# 11_model_zoo.ipynb

In [1]:
import pandas as pd
from pathlib import Path

# Read in data from CSV files
# Assuming the CSV files are located in a 'data/raw' directory relative to this script's location
# Adjust the path as necessary based on your project structure
path = Path.cwd().parent.parent
img = pd.read_csv(path / "data" / "raw" / "imagingFeatures.csv")
clin = pd.read_csv(path / "data" / "raw" / "clinicalData_clean.csv")

In [None]:
# Clean the data- drop rows with NaN values
TARGET = 'ER'
data = img.merge(clin[['Patient ID', TARGET]], on='Patient ID', how='inner')
data = data.drop('Unnamed: 0', axis=1, errors='ignore')
data = data.dropna() 

861

In [3]:
from sklearn.preprocessing import LabelEncoder
# Select the target variable and merge with imaging data
y = data[TARGET]

# Encode target if needed
if y.dtype == 'object' or y.dtype.name == 'category':
    le = LabelEncoder()
    y = le.fit_transform(y)

# Drop the target and patient ID columns to get the feature set
X = data.drop([TARGET, 'Patient ID'], axis=1, errors='ignore')

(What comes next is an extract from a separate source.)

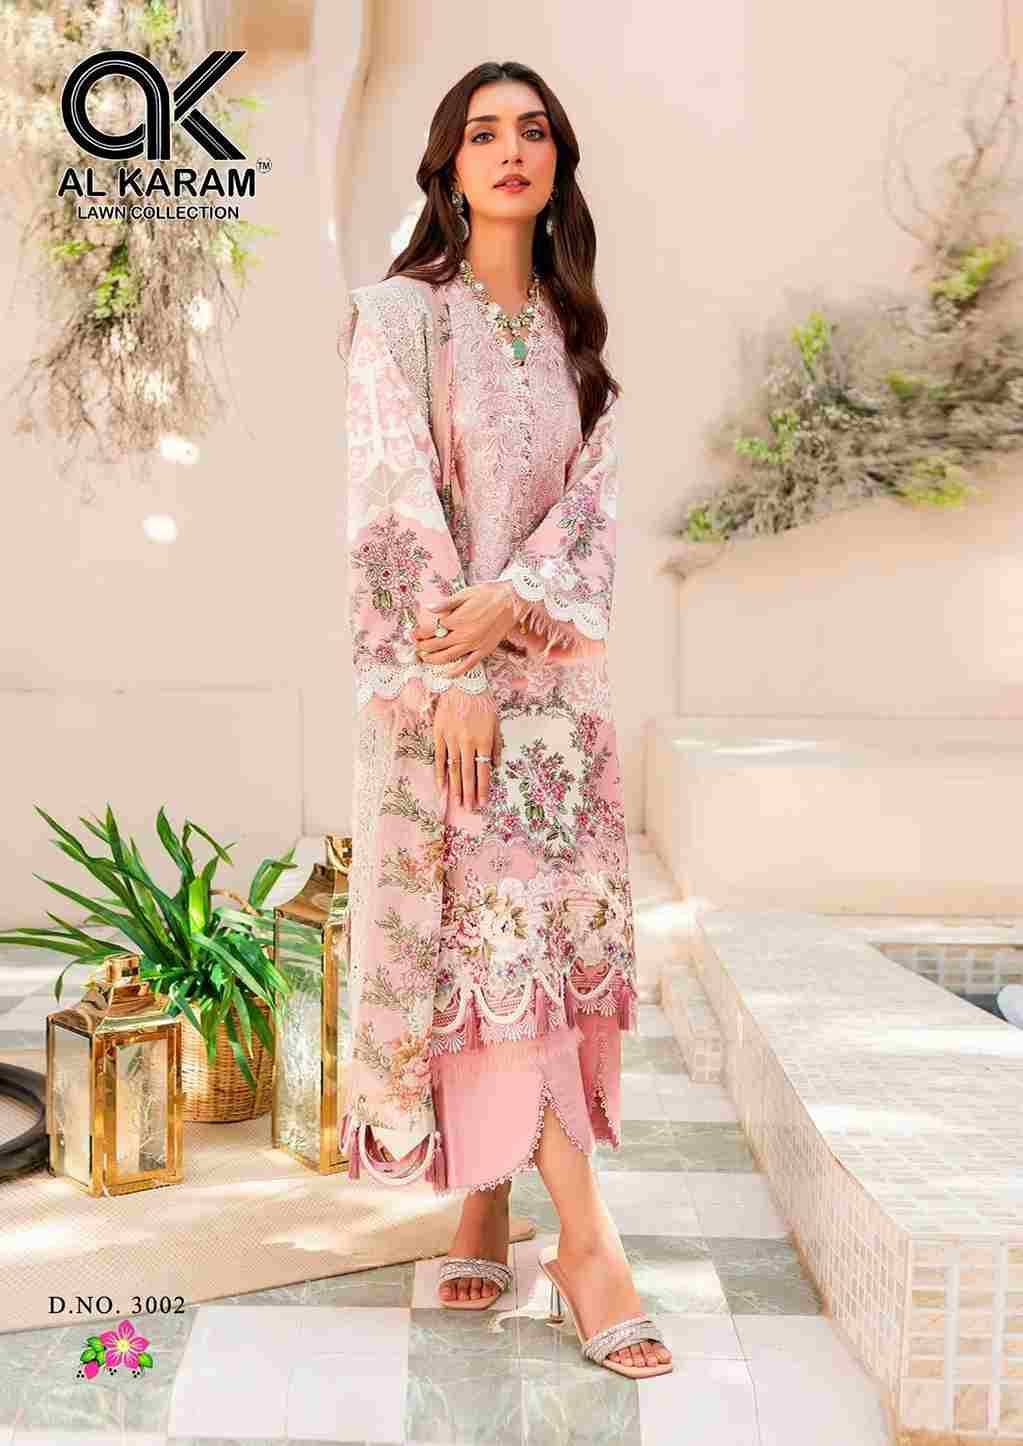 Florence Vol-3 By Al Karam Lawn Collection 3001 To 3006 Series Beautiful Pakistani Suits Stylish Fancy Colorful Casual Wear & Ethnic Wear Pure Cambric Dresses At Wholesale Price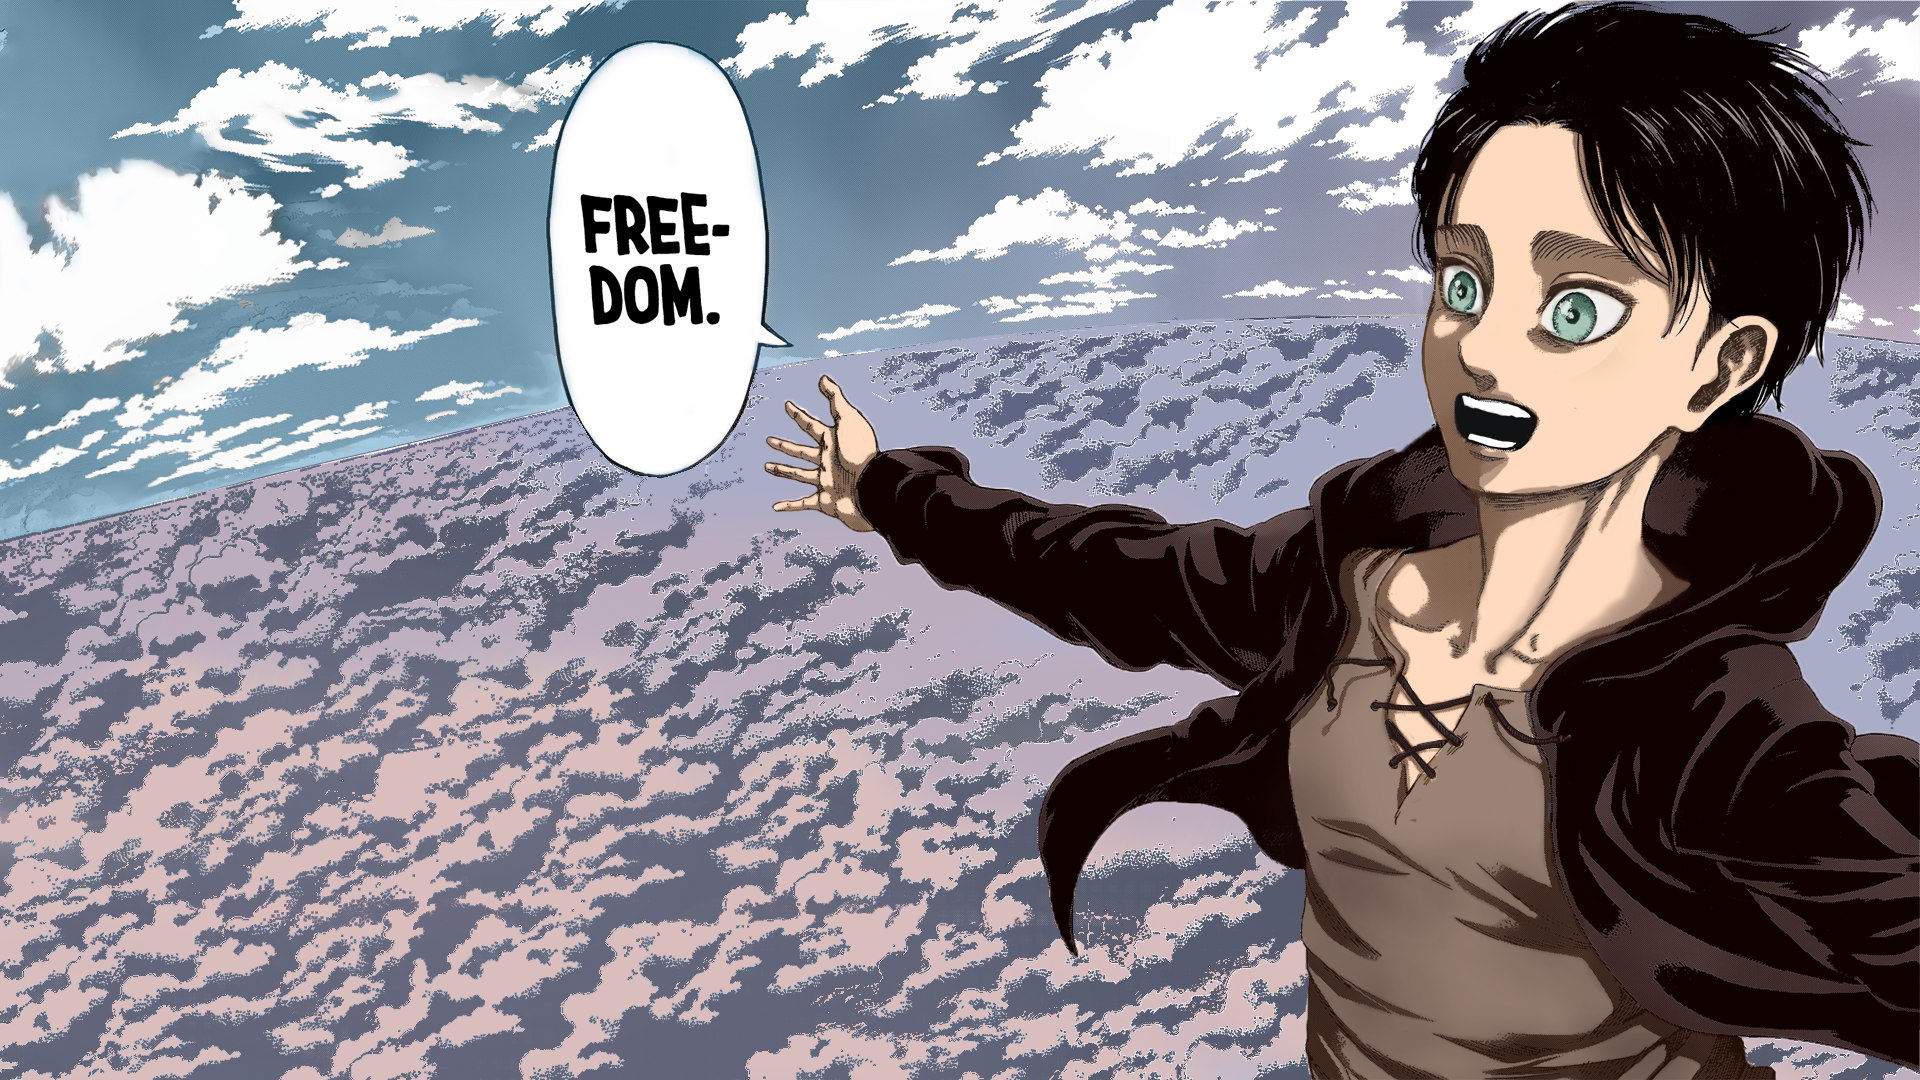 Colorized The F R E D O M Panel And Formatted It For A Desktop

## Define search grids for RF, XGB, MLP
A *search grid* is a set of hyperparameter values that are tested in order to find the optimal configuration.

In [8]:
from skopt.space import Categorical, Real, Integer # Required for MLPClassifier grid search

# RandomForestClassifier search grid
rf_grid = {
    'n_estimators': [100, 200, 500],
    'max_depth': [None, 5, 10, 20],
    'min_samples_split': [2, 5, 10],
    'min_samples_leaf': [1, 2, 4],
    'bootstrap': [True, False]
}

# XGBoost Classifier search grid
xgb_grid = {
    'n_estimators': [100, 200, 500],
    'max_depth': [3, 5, 10],
    'learning_rate': [0.01, 0.1, 0.2],
    'subsample': [0.7, 0.8, 1.0],
    'colsample_bytree': [0.7, 0.8, 1.0]
}

# MLPClassifier search grid
mlp_grid = {
    'hidden_layer_sizes': Integer(50, 100),  # Only single-layer, sizes 50 to 100
    'activation': Categorical(['relu', 'tanh']),
    'solver': Categorical(['adam', 'sgd']),
    'alpha': Real(0.0001, 0.01, prior='log-uniform'),
    'learning_rate_init': Real(0.001, 0.01, prior='log-uniform')
}

## Bayesian search for efficient tuning
* Each `BayesSearchCV` runs a Bayesian optimization over the respective hyperparameter grid
* Uses cross-validation to evaluate each set of parameters
* Attempts to find the best combination of hyperparameters that maximize the cross-validation score (in this case, accuracy)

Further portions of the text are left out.